The transformation mapping the test vectors to the inserted stimuli and the one mapping the captured responses to the observed responses should somehow be related to the XOR/inverter insertions. The former mapping, which we denote as D2I, is simply the inverse of I2D, which we have mentioned in the previous paragraph; D2I is an upper triangular square matrix that can be left-multiplied by a test vector matrix to produce the inserted stimulus matrix. The Captured to Observed response transformation, which we denote as C2O, however, necessitates further analysis, as the observed response bits depend not only on the captured response bits but also on the test vector bits that reside inside the scan cells during shift operations. The C2O matrix is not a square matrix, consequently; the number of rows in C2O equals one less than twice the number of scan cells, while the number of columns equals the number of scan cells. C2O contains one row for each of the stimulus bits except for the leftmost bit, and one row for each response bit. In the upcoming sections, we will show how a relationship can be established between C2Oand I2D, thoroughly explaining the impact of XOR/inverter insertions on the test data transformations realized.

The inverter insertion impact is simpler to model compared to XOR gates, as the inverter insertion impact consists simply of transition fre-

<sup>&</sup>lt;sup>1</sup>A simple transposition argument can be used to show that a lower triangular matrix can be left-multiplied by the stimulus matrix, equivalently. The test stimulus and vector will be denoted in column form in that case.



#### Figure 3: Stimulus transformation operation

quency complementation. Inverters enable handling of XNOR insertions also, by utilizing XOR transformations that map to high transition frequencies, which are then complemented through inverter insertion. The identification of the optimal logic gate insertions necessitates a two phase algorithm. The XOR insertions aim at skewing the transition frequency as close to 0.0 or 1.0 as possible, with the latter case being resolved through an inverter insertion; *maximal transition frequency skew* is the aim of XOR transformations, consequently.

## 4. MATRIX BAND ALGEBRA

Modeling the impact of XOR gate insertion hinges on an in-depth matrix-based analysis. In this section, we introduce an algebraic formulation based on *matrix bands*, engendering such a modeling. The algebraic formulation we present focuses on triangular matrices, as constrained by the unidirectionality of the scan shift operations.

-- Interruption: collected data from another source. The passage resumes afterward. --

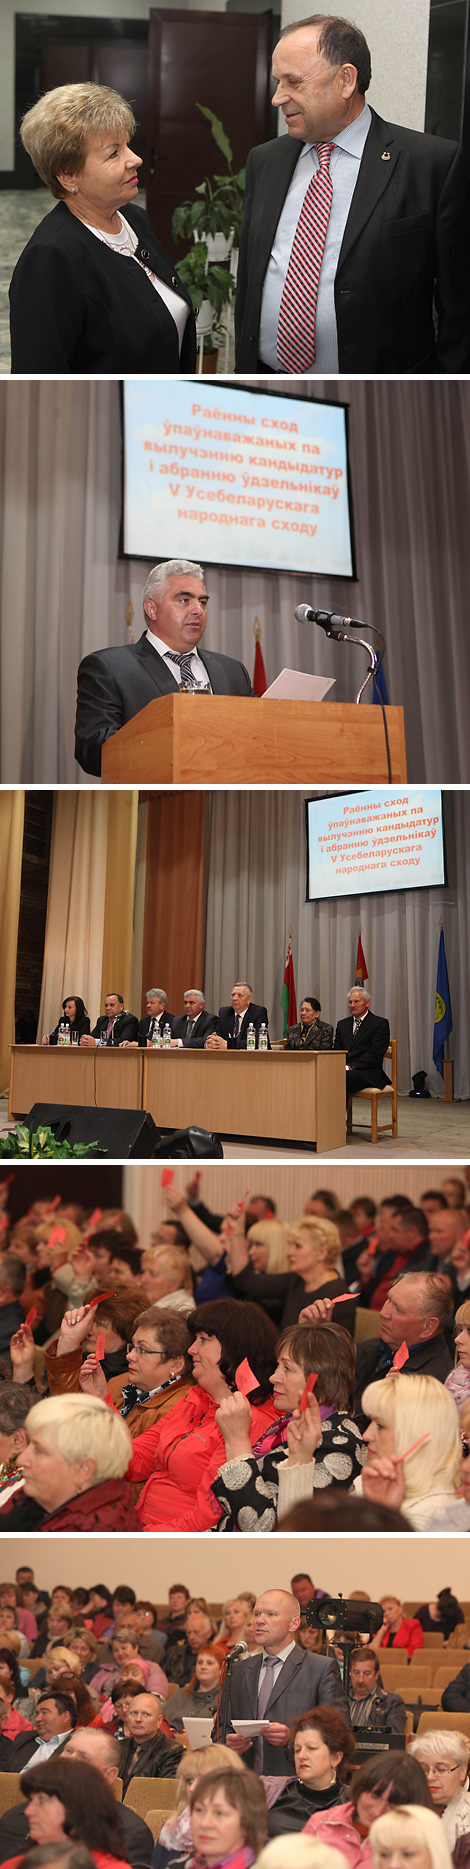 Пять делегатов представят Круглянский район Могилевской области на Всебелорусском народном собрании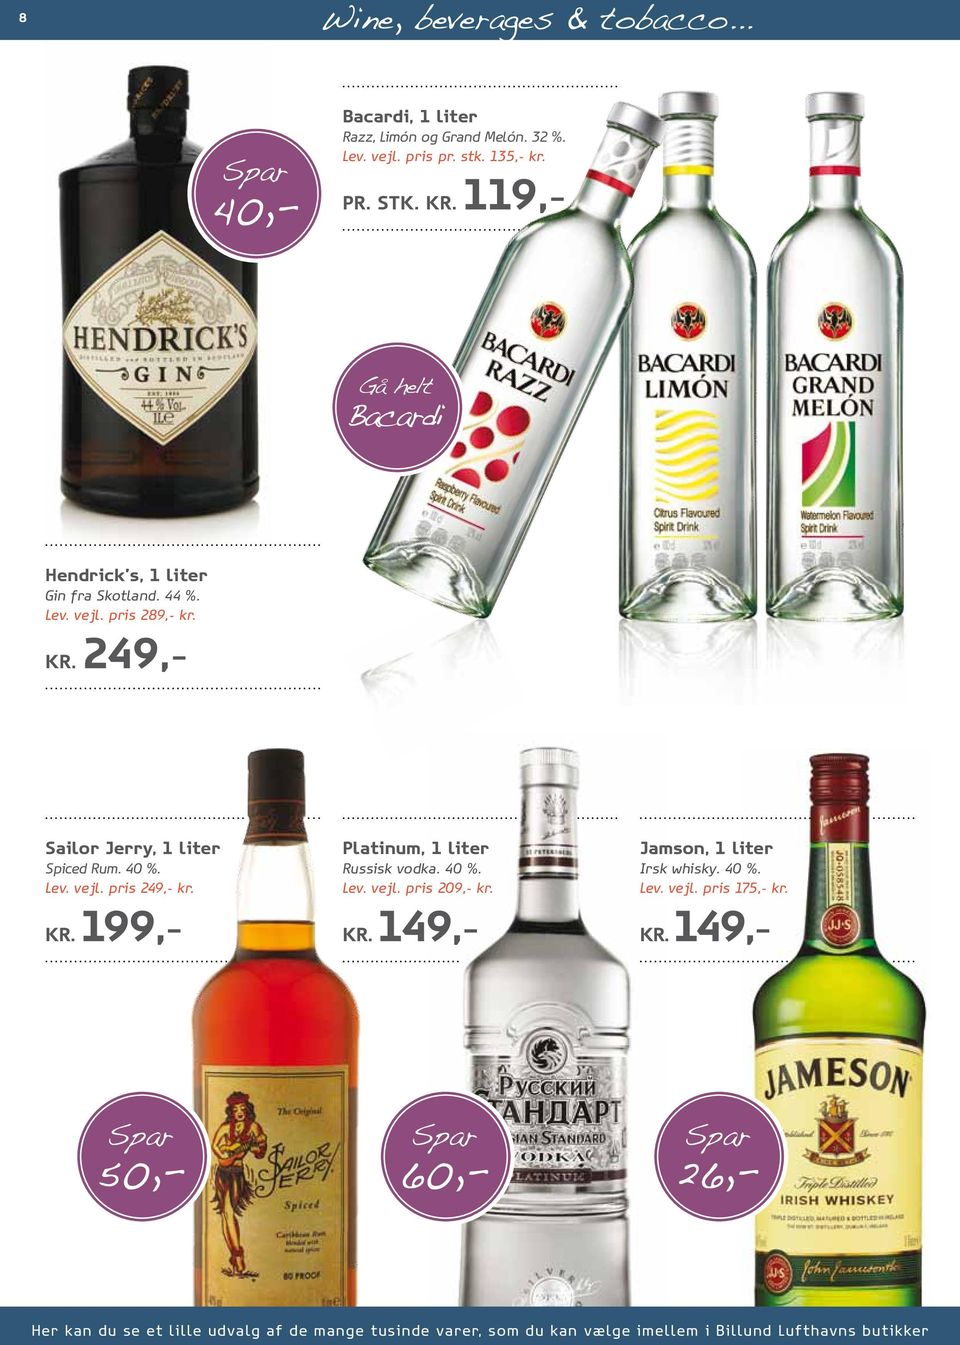 KR. 199,- Platinum, 1 liter Russisk vodka. 40 %. Lev. vejl. pris 209,- kr. KR. 149,- Jamson, 1 liter Irsk whisky. 40 %. Lev. vejl. pris 175,- kr.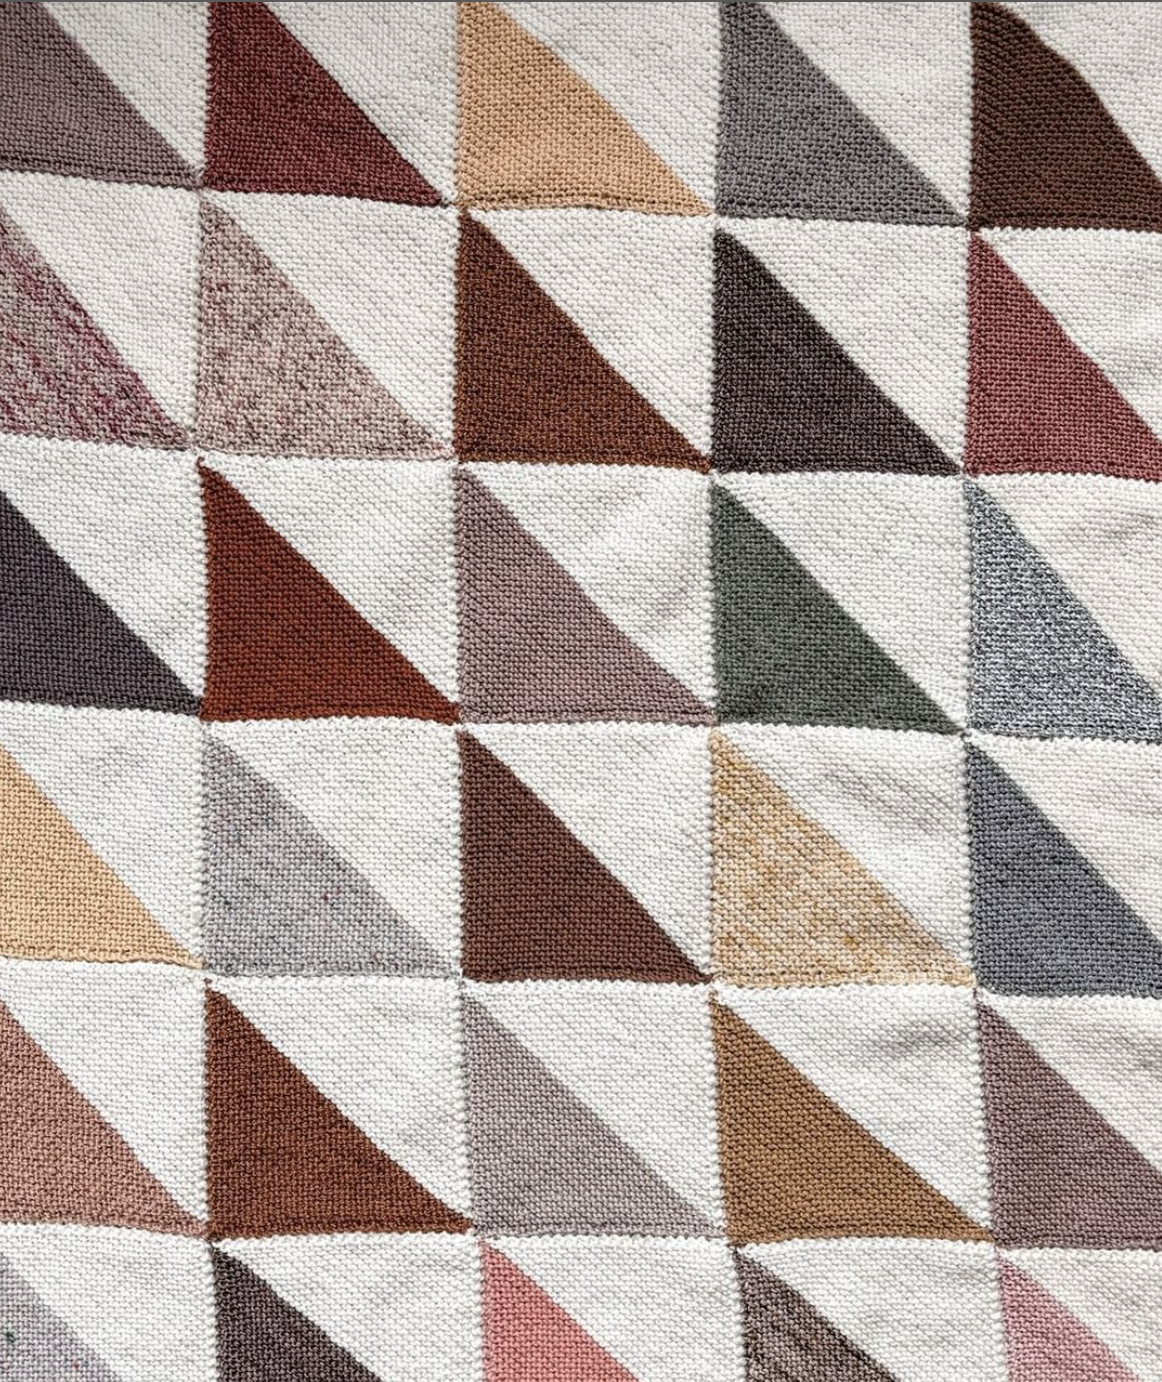 geometric hand knit blanket in earthy tones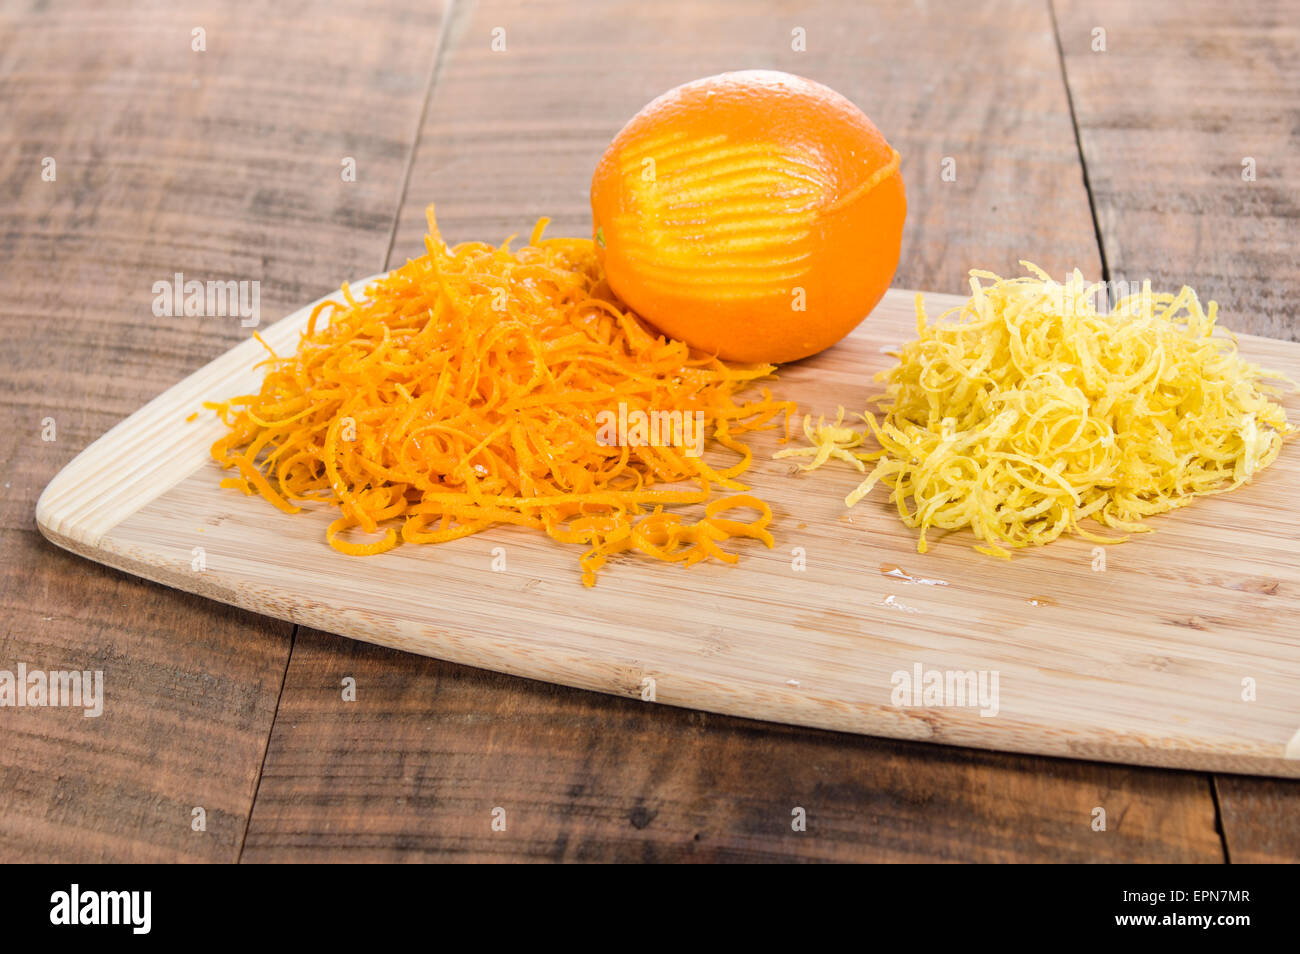 Découper à l'orange et le zeste de citron Banque D'Images

We represent a contiguous subset of the  $d^{th}$  off-diagonal band for an  $n \times n$  matrix composed of a consecutive set of 1's from the *init*<sup>th</sup> column to the rightmost edge of the matrix as the  $B_{init}^d$  band.  $B_{d+1}^d$ , for example, denotes the  $d^{th}$  upper off-diagonal band with a string of 1's starting from the intersection of the  $d + 1^{th}$  column and the first row. Similarly,  $B_1^0$  denotes the full diagonal band, while  $B_n^{n-1}$  denotes the band composed of the single top right corner entry. A  $B_{init}^d$  designation with  $d \ge n$  or *init* > n signifies a null band.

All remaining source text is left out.